Здесь Штаммлер снова поясняет, что никто не должен иметь только обязанности, но каждый должен быть обеспечен такими правами, которые избавили его от одинокой борьбы за существование. Смысл общества ученый видит во взаимовыгодном сотрудничестве, позволяющем каждому реа-лизовывать свои интересы и быть более успешным в вопросе выживания: отсутствие взаимной выгоды противоречит идее права [21. С. 196]. Или, как лаконично комментирует И. Покровский, требование социального идеала состоит в том, что «общество должно обеспечивать каждому индивиду лучшее осуществление его целей, чем это было возможно для него вне общества» [7. С. 157].
Сказанное не означает, что индивид не может быть понужден к каким-либо жертвам, в том числе и к жертве самим собой. Каждый обязан вносить свой вклад в общее дело, а этим общим делом
2016. Т. 26, вып. 1 ЭКОНОМИКА И ПРАВО
может оказаться и война, если только она не является следствием произвола правителя или иных лиц [21. С. 285].
По мысли Штаммлера, изложенные принципы правильного права являются не правовыми нормами, а методическими директивами для их оценки, что отличает указанные положения от тех «основных прав», которые содержатся в декларациях, конституциях и международных документах, и всегда ограничены в своем предмете [17. С. 102].

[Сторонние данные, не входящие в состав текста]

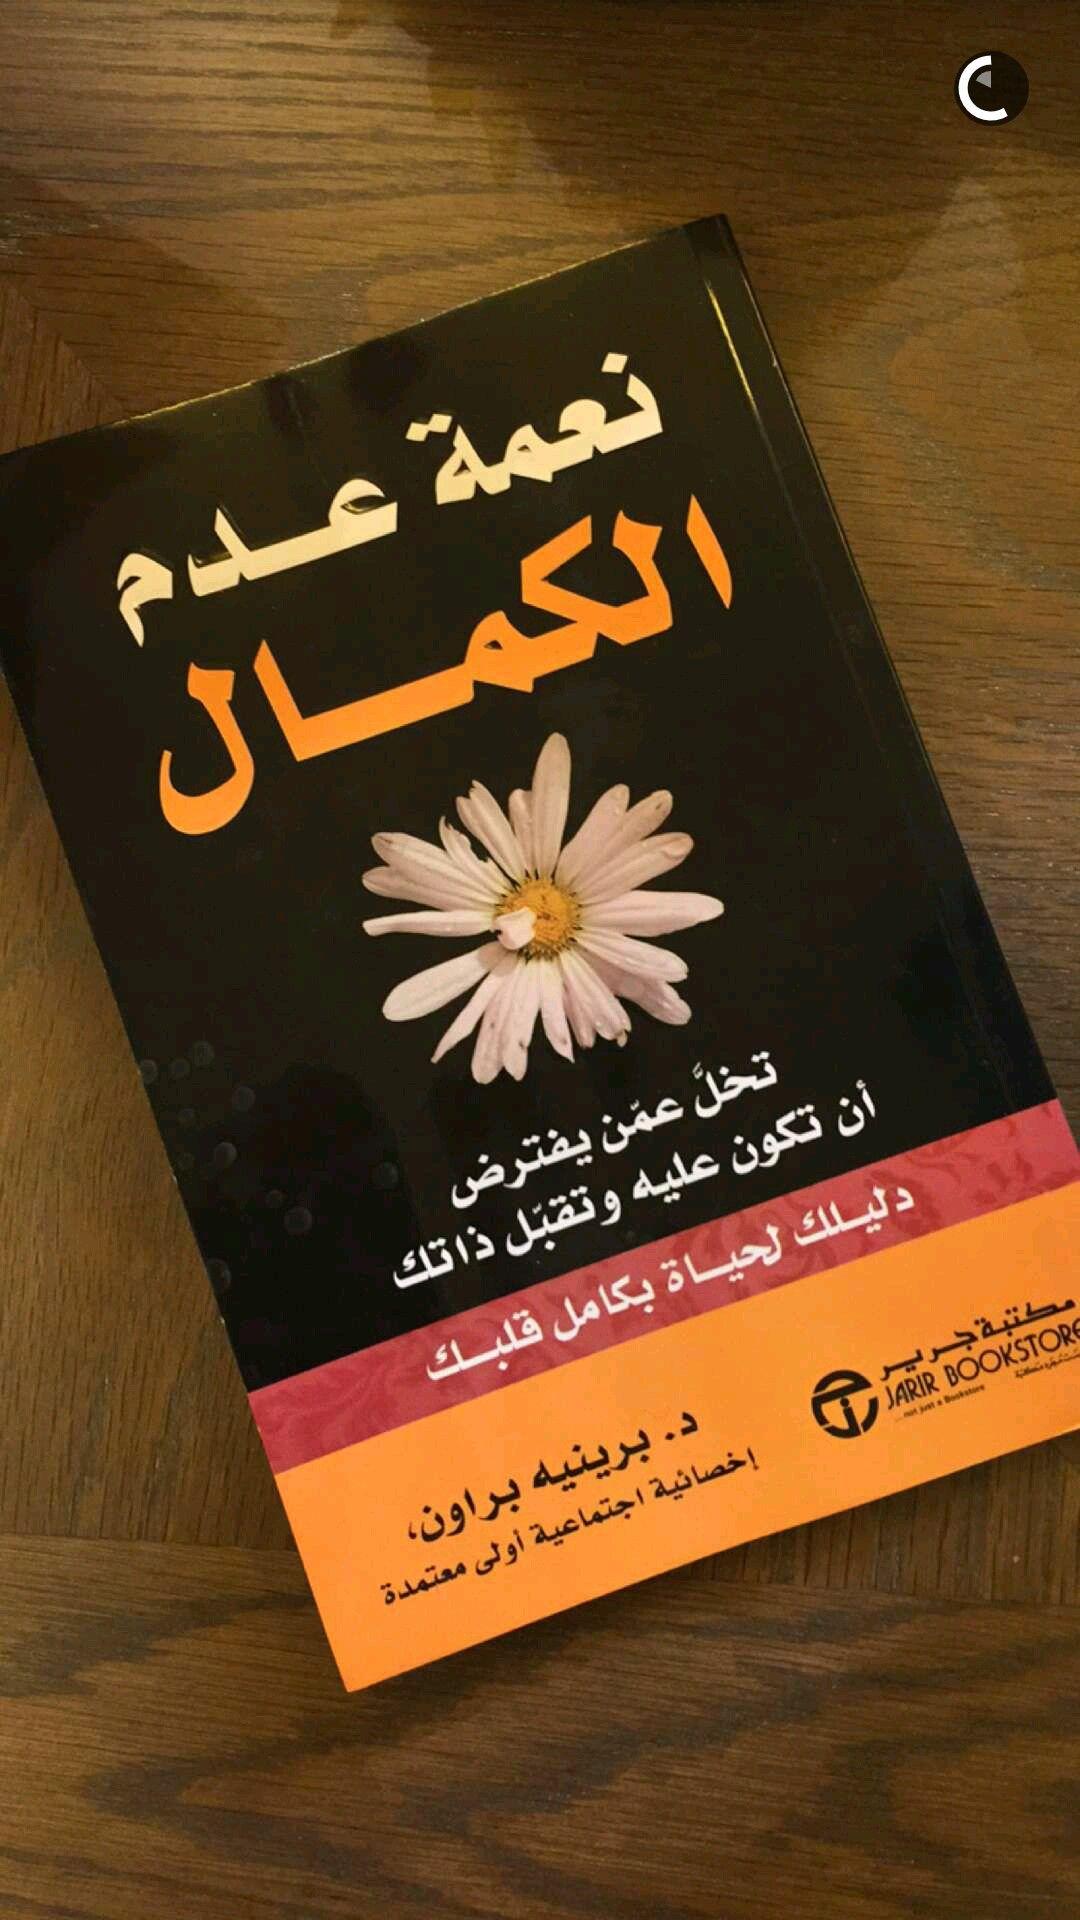 كتاب نعمة عدم الكمال

Комментируя предложенные принципы правильного права, Штаммлер сравнивает их с широко известным определением права у Канта («совокупность условий, при которых произвол одного лица совместим с произволом другого с точки зрения всеобщего закона свободы»). По мнению Штаммле-ра, ошибка Канта заключается в том, что он пытался установить одновременно и понятие, и правильное содержание права. В целом определение права Канта может быть включено в вышеизложенные принципы уважения, но лишь косвенно - в принципы участия [21. С. 210]. Заметим, что оно еще не раскрывает суть самого «всеобщего закона свободы», для чего и нужны предлагаемые Штаммлером принципы участия.
Приходится констатировать, что в отечественной литературе принципы правильного права, сформулированные Штаммлером, к сожалению, не подвергались хоть сколько-нибудь подробному анализу. Критики Штаммлера сосредотачивали свое основное внимание на методологии немецкого мыслителя и, в меньшей степени, на следующей из этой методологии формуле «общества свободно хотящих людей». Однако эта последняя, как показало наше изложение, зачастую понималась неверно, поэтому соответствующая критика, как правило, шла мимо цели. Так, социальный идеал, по мнению Штаммлера, вовсе не был обращен к психике отдельных индивидов, а выражение «политика права» означало совсем не то, что подразумевал под ним Петражицкий (не поиск путей морального совершенствования личности и постепенное отмирание внешних принудительных норм, а проверка указанных норм, неизбежных для любого общества, на соответствие формальному критерию правильности).
В зарубежной литературе профессор G. Sabine высказал, по нашему мнению, верный тезис, согласно которому Штаммлер дополняет кантовский принцип уважения скорее платоновским принципом участия: «Член общества не только достоин уважения как цель в себе, и, следовательно, должен быть защищен от произвольного навязывания чужой воли, но также имеет право на долю благ, материальных и духовных, которые его труд помогает создавать и поддерживать» [20. С. 348].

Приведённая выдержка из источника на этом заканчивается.